Dataset excerpts

----

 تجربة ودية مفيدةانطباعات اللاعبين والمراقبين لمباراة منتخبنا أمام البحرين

----

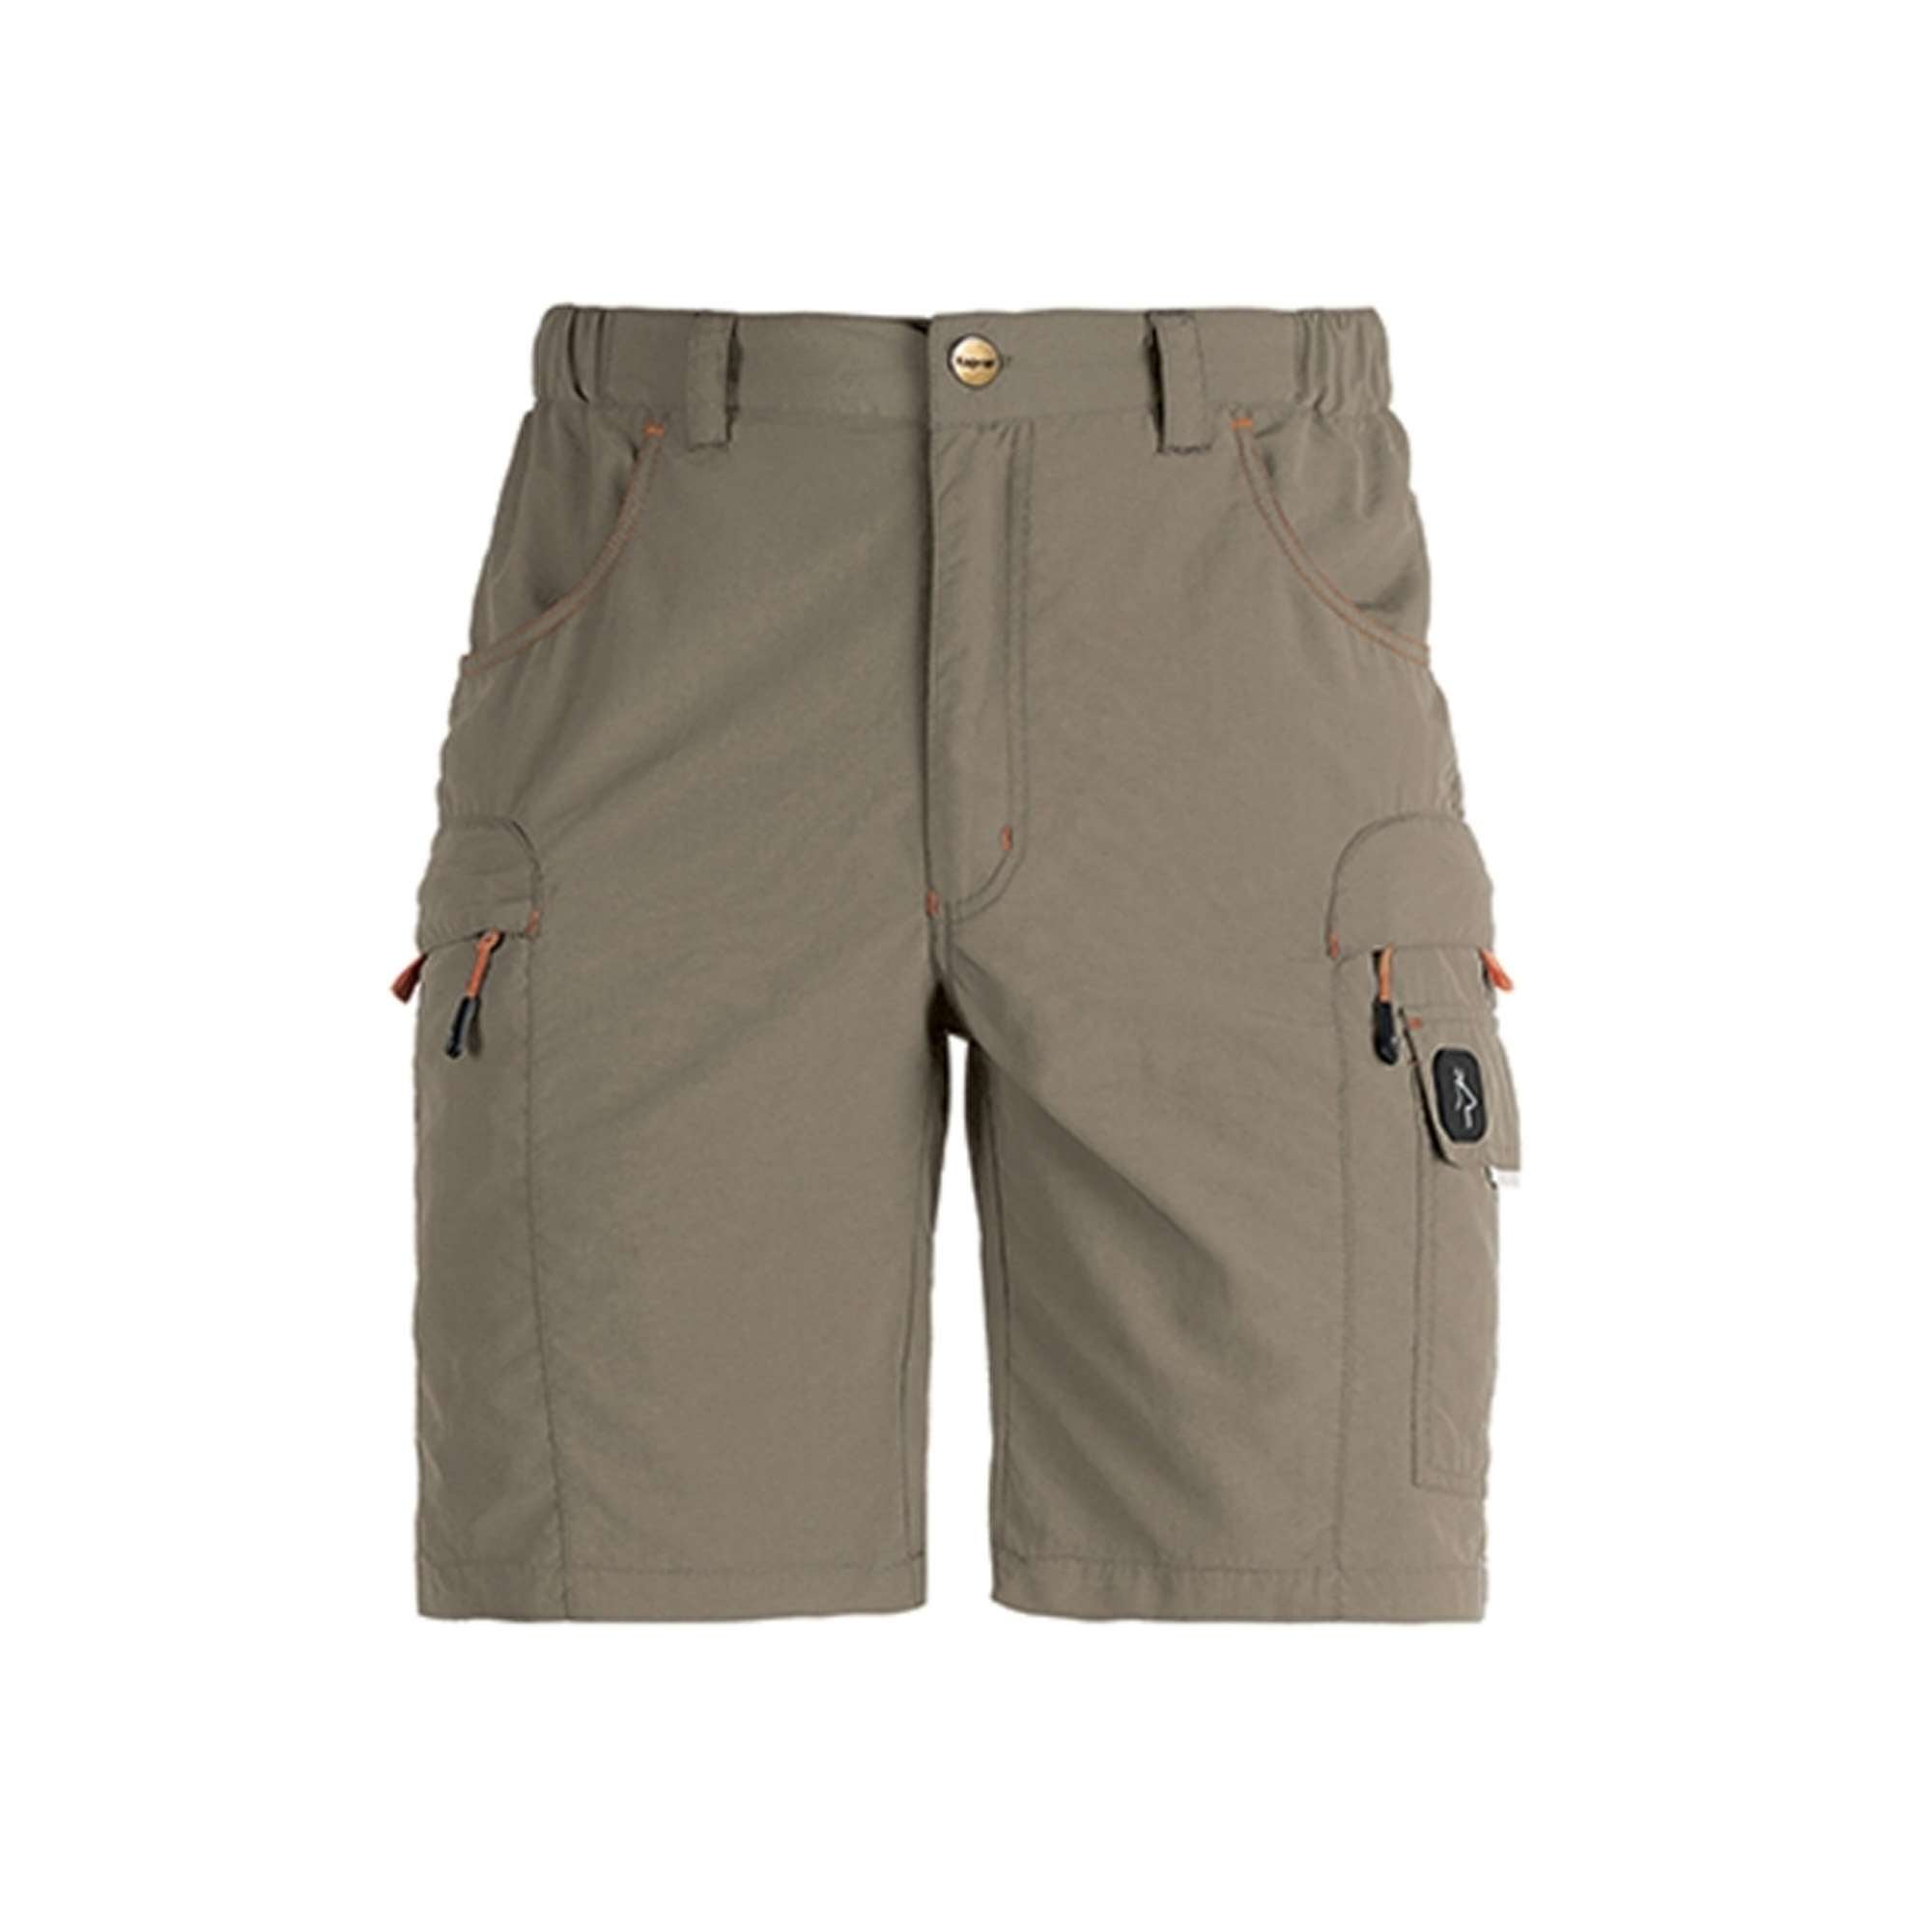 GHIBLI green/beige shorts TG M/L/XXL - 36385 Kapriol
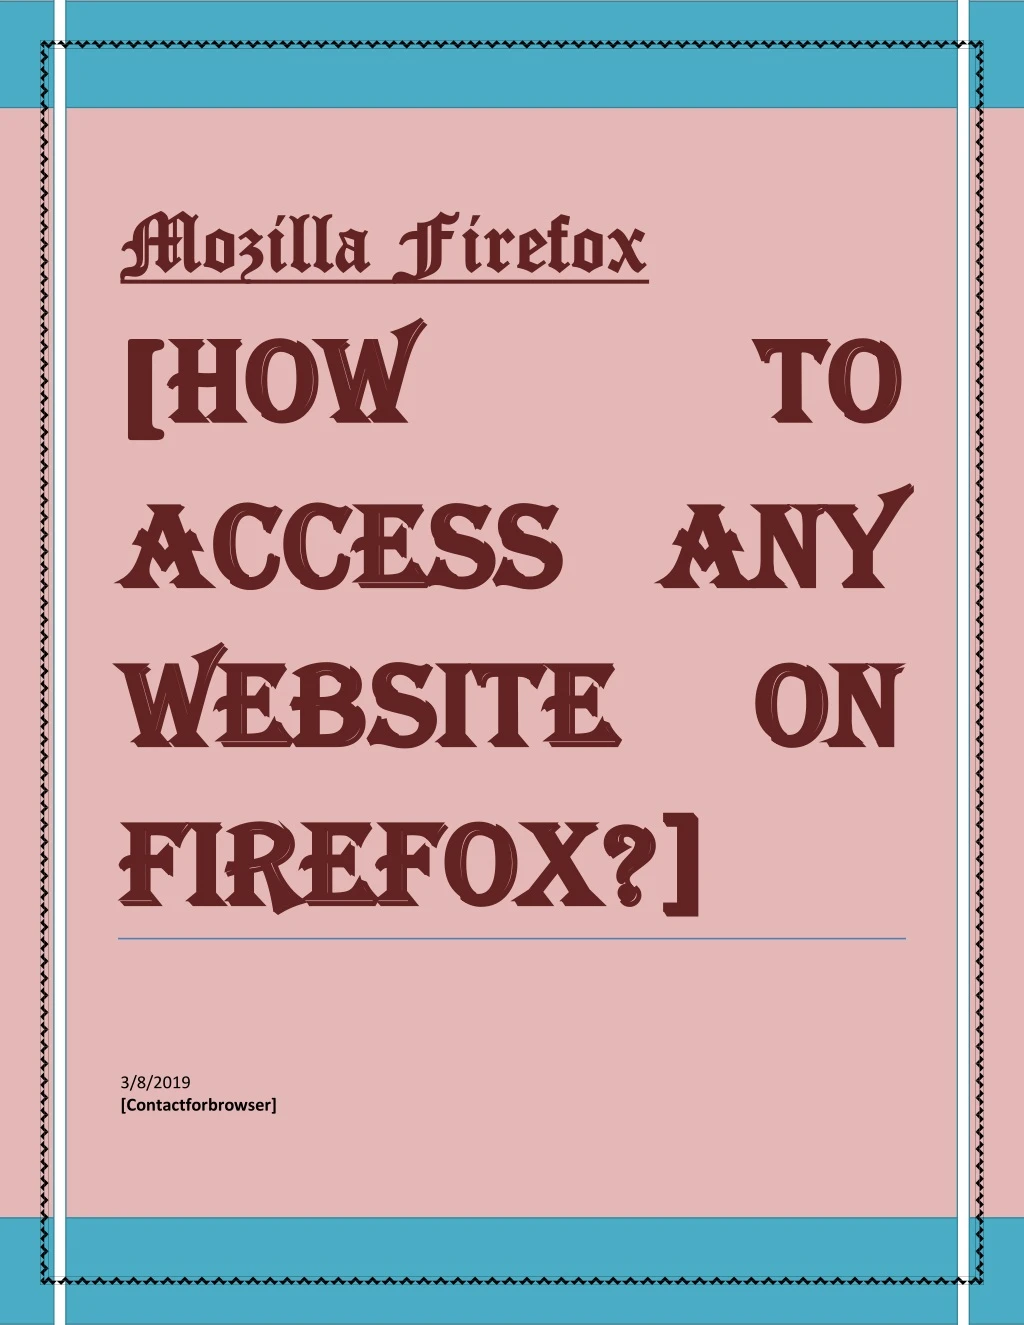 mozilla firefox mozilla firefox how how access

----

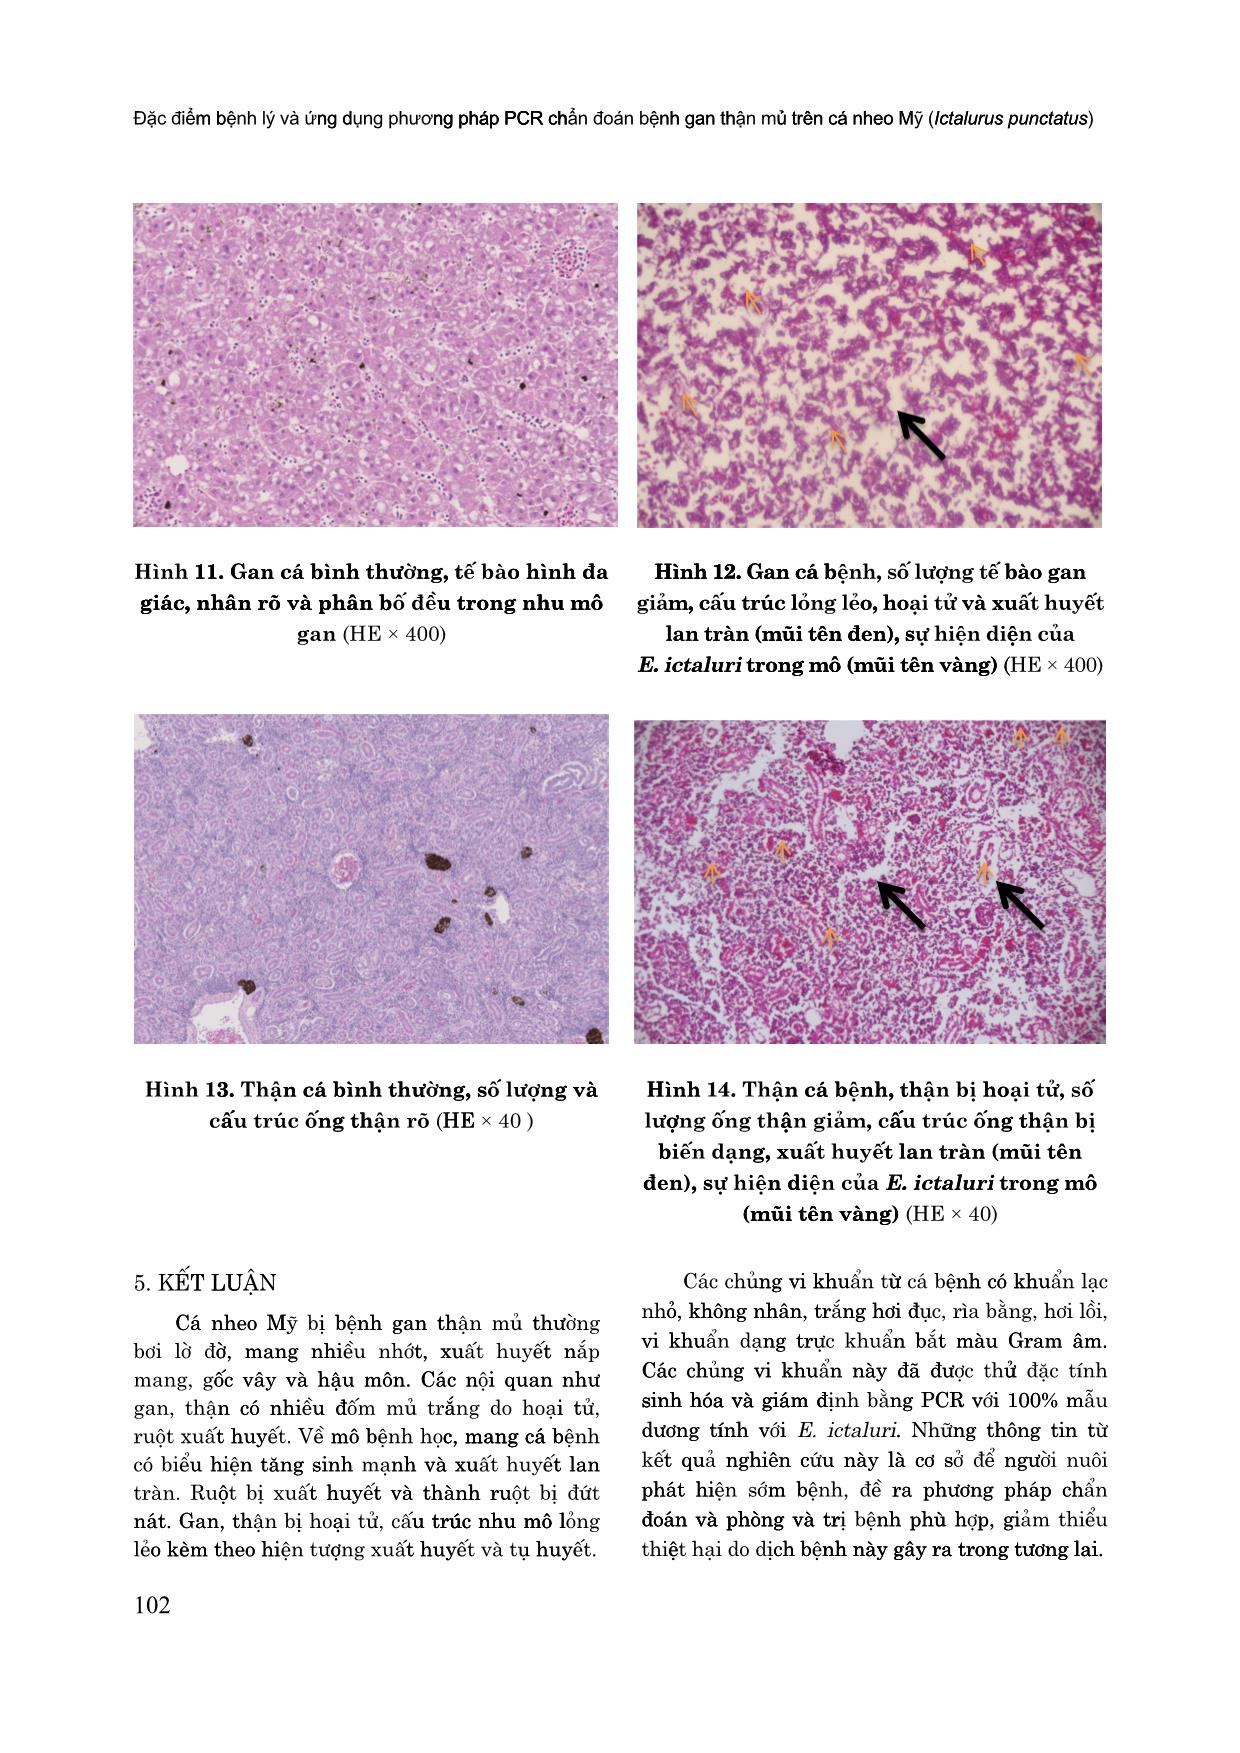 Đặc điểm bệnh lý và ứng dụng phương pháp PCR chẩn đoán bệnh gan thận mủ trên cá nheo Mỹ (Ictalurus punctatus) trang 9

----

Exercise details
Range to print from the listing above: from the line with "GHIBLI green/beige shorts" up to and including the line with "mozilla firefox mozilla". Please print those lines exactly, with no pictures and nothing more.

Written response
 GHIBLI green/beige shorts TG M/L/XXL - 36385 Kapriol
 mozilla firefox mozilla firefox how how access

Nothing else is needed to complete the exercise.